EXPERIMENTAL SECTION

Biological Material

Sponge specimens were collected on February 10, 2010, in the Florida Keys (24° 39′ 17.90″, 81° 17′ 51.09″). A voucher specimen for Chondrilla caribensis f. caribensis (FLK-10-4-24) is housed at the University of Wisconsin-Madison. Strain WMMA107 was isolated from the sponge Chondrilla caribensis f. caribensis (FLK-10-4-24) and was identified as a marine actinomycete, Verrucosispora sp. Details of the cultivation, purification and 16S ribosomal DNA sequencing^{16, 17} of the Verrucosispora sp. have been reported.¹⁵

Fermentation and Extraction

Strain WMMA107 was fermented in 25 × 150 mm culture tubes (4 × 10 mL) in medium ASW-A (20 g soluble starch, 10 g glucose, 10 g peptone, 5 g yeast extract, 5 g CaCO₃ per liter of artificial seawater) for one week at 28 °C. A 250 mL baffled flask containing 50 mL medium ASW-A with Diaion HP20 (4% by weight) was inoculated with 2 mL from culture tube and shaken at 200 RPM at 28 °C for one week. Filtered HP20 was washed with H₂O and extracted with 50 mL acetone for 2 hrs.

NMR Sample Preparation

The dry extract (40.0 mg) was dissolved in 3 mL CHCl₃. 600 μL (Sample #1) and 300 μL (Sample #2) aliquots were removed and dried (8.0 and 4.0 mg, respectively). Standard solutions of TMS were prepared by dilutions of a stock solution of TMS in CDCl₃ (0.147 mM). The NMR samples were prepared by dissolving Sample #1 and Sample #2 in 500 μL of CDCl₃ containing TMS at concentrations of 58.7 μM and 82.3 μM, respectively. 40 μL of 4% Cr(AcAc)₃ in CDCl₃ was added as a relaxation enhancing agent to each sample. NMR-grade CDCl₃ (99.8% D, Cambridge Isotopes Laboratory) was used for both samples.

NMR Experiments

All NMR data were collected at 25 °C on a Bruker Avance III 700 MHz spectrometer equipped with 5 mm QCI probe, with radio-frequency pulses applied on ¹H and ¹³C at 2.5 ppm and 23 ppm, respectively.
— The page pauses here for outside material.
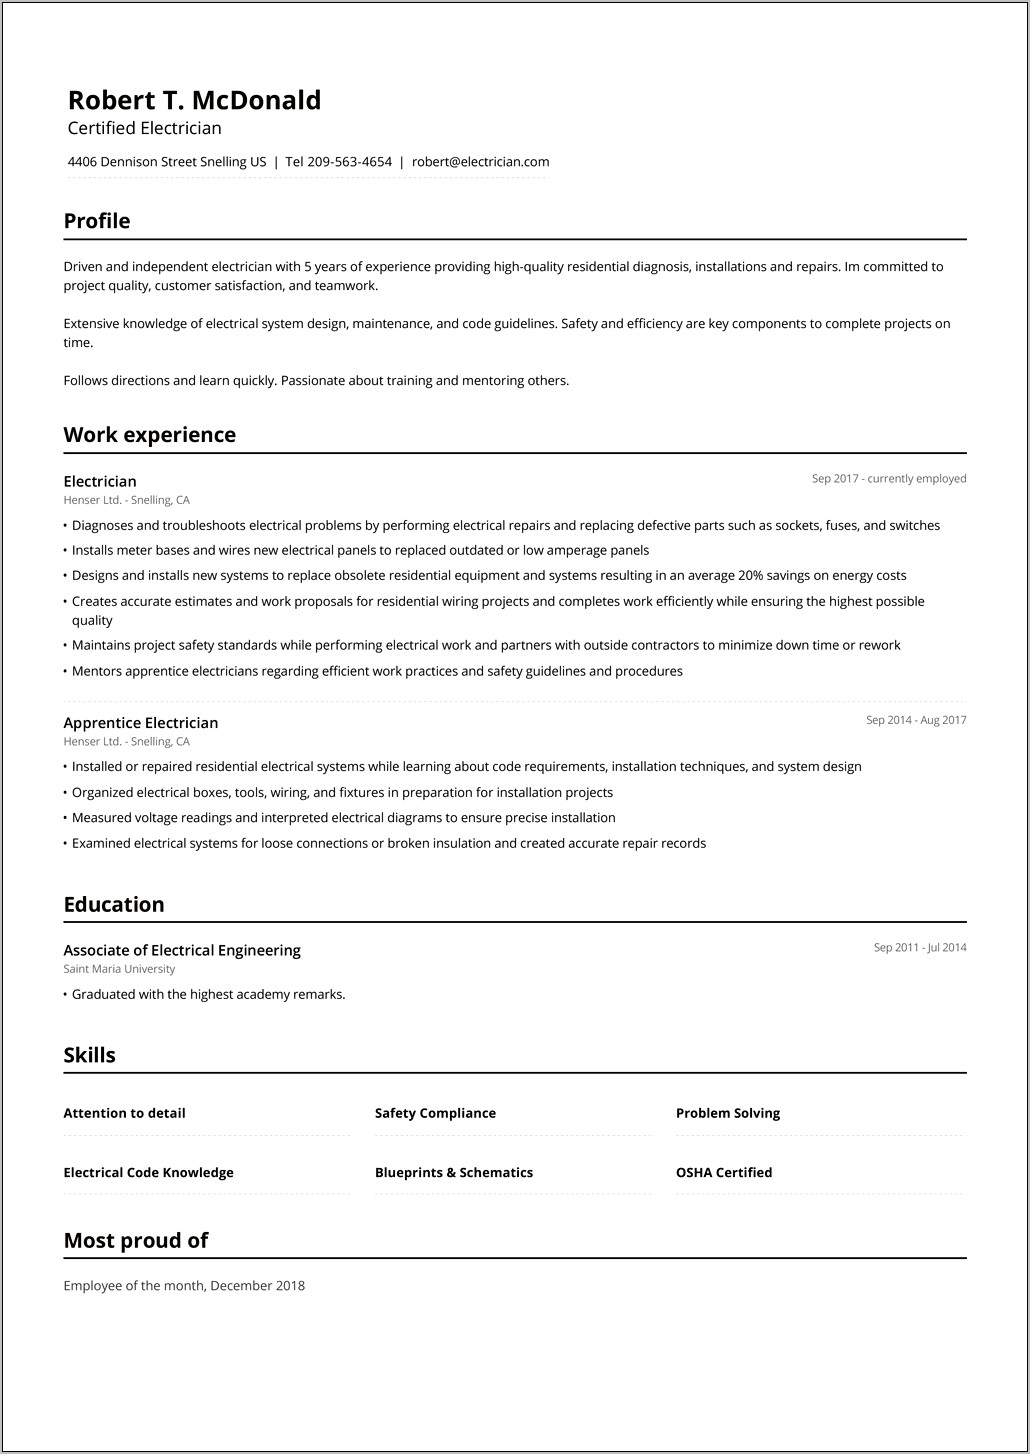 Free Resume Creator Online For Electrician
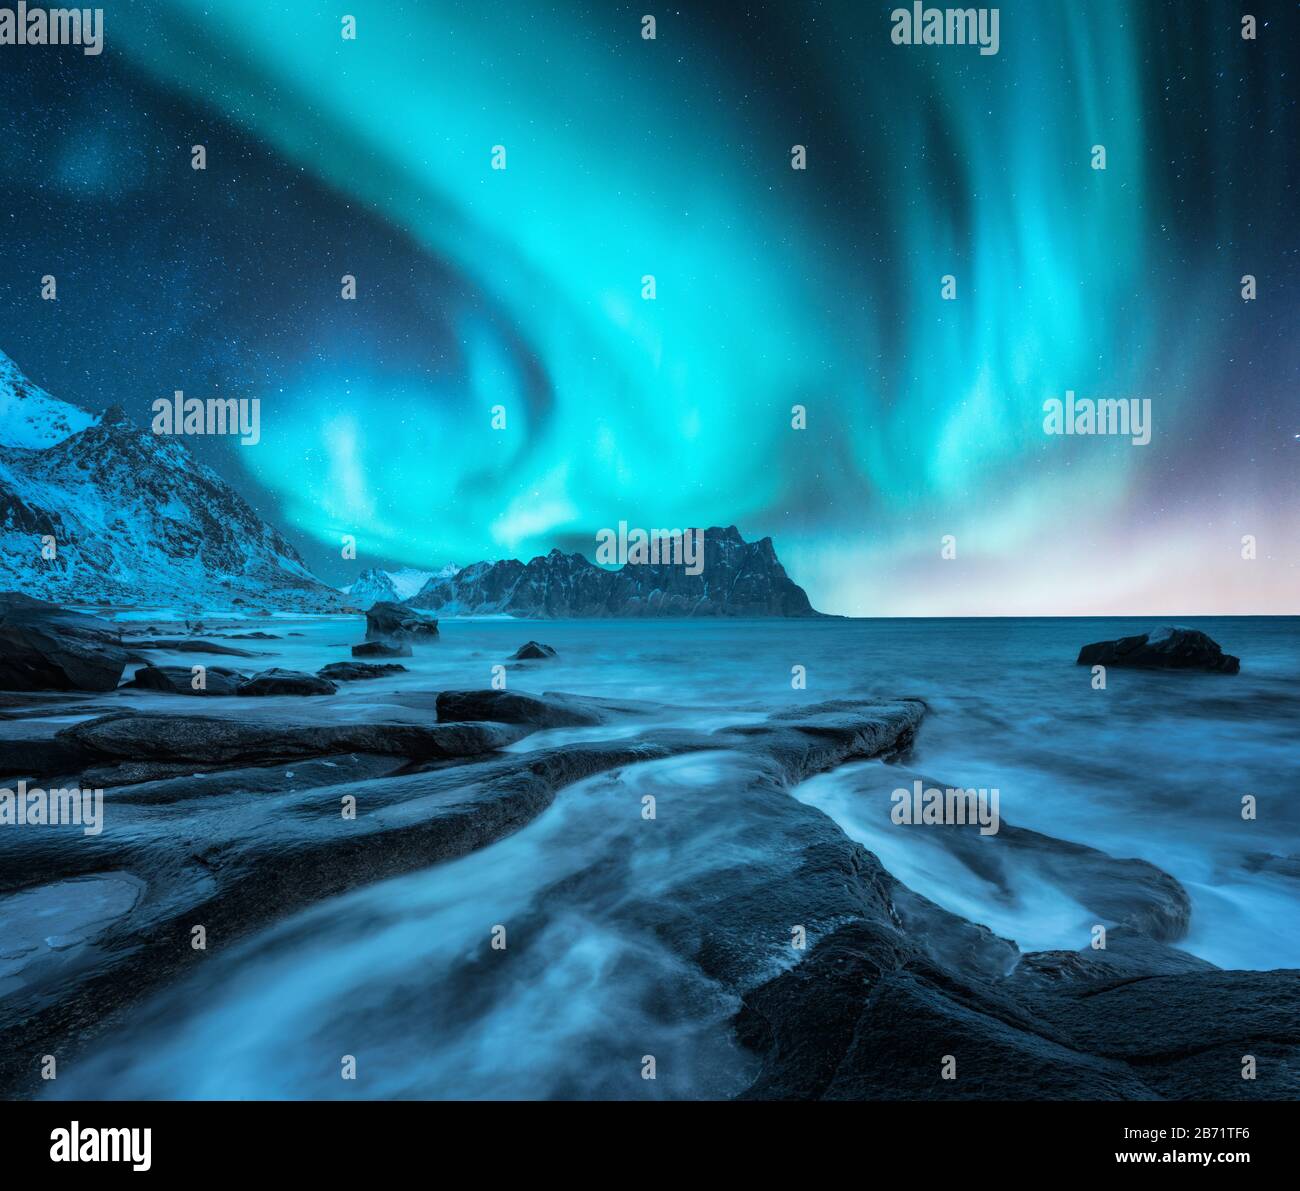 Northern lights over snowy mountain and sandy beach with stones Stock Photo

GARP ¹³C decoupling used a field strength of γB₂ = 2.5 kHz. 2048 × 42 complex data points with spectral width of 16 ppm and 20 ppm, respectively, were collected along the ¹H and ¹³C dimensions, with 64 scans per FID and an inter-scan delay of 2.6 s (longer than 5 times of the longest proton T₁), resulting in a total acquisition time of 4 h 15 min for each HSQC_i. Measurement of proton T₁ values was conducted by using a standard inversion recovery pulse sequence (180°- τ −90°). For non-constant-time gradient-selective HSQC_i, the strength of the pulsed field gradients applied along the z-axis were: g₁ = 80%; g₂ = 20.1%; g₃ = 70%; g₄ = 17.5875%, g₅ = 60%; g₆ = 15.075%; g₁₃ = 70%; g₁₄ = 85%, g₁₅ = 15%; g₆ = 90% of the maximum of 53 G/cm; all with a duration of 1 ms followed by a gradient recovery period of 200 μs. Quadrature detection in the ¹³C (t₁) dimension was achieved by echo-antiecho by flipping the polarity of gradient g₁. For constant-time phase-cycled HSQC_i, the constant time T was set to 12 ms without applying gradients g₁ to g₆. Quadrature detection in the ¹³C (t₁) dimension was achieved using States-TPPI applied to the phase φ₂. Intensities of relevant peaks are manually integrated as described before⁷ and the data are shown in Table 1–3.

Table 2.

Manually integrated peak volume from Non-constant-time gradient-selective HSQC_i of sample #1

	csC	csH	HSQC1	HSQC2	HSQC3	Corr. Coef.	Scaling factor	A0	# of H	Normalized A0	Ave./Stdev	w/w % of thiocoraline
13,13′	15.16	2.136	2.64E+09	8.92E+08	3.82E+08	−0.9975	0.3804	6.67E+09	6	1.11E+09	1.26E+09
14,14′	30.77	3.059	2.70E+09	1.04E+09	3.08E+08	−0.9976	0.3377	8.35E+09	6	1.39E+09	11.16%	1.17%
16,16	30.615	3.012	2.58E+09	1.07E+09	3.27E+08	−0.9964	0.3560	7.63E+09	6	1.27E+09	Mol. of TMS
TMS	19.996	0	2.10E+09	7.77E+08	3.01E+08	−0.9999	0.3786	5.50E+09	12	4.59E+08	2.93584E-08

NMR sample #1: 58.7 μM TMS (2.59 μg in 500 μL) was added as concentration reference into the NMR sample solution with 8.0 mg extract. Molecular weights of TMS and thiocoraline are 88.22 and 1157.41, respectively.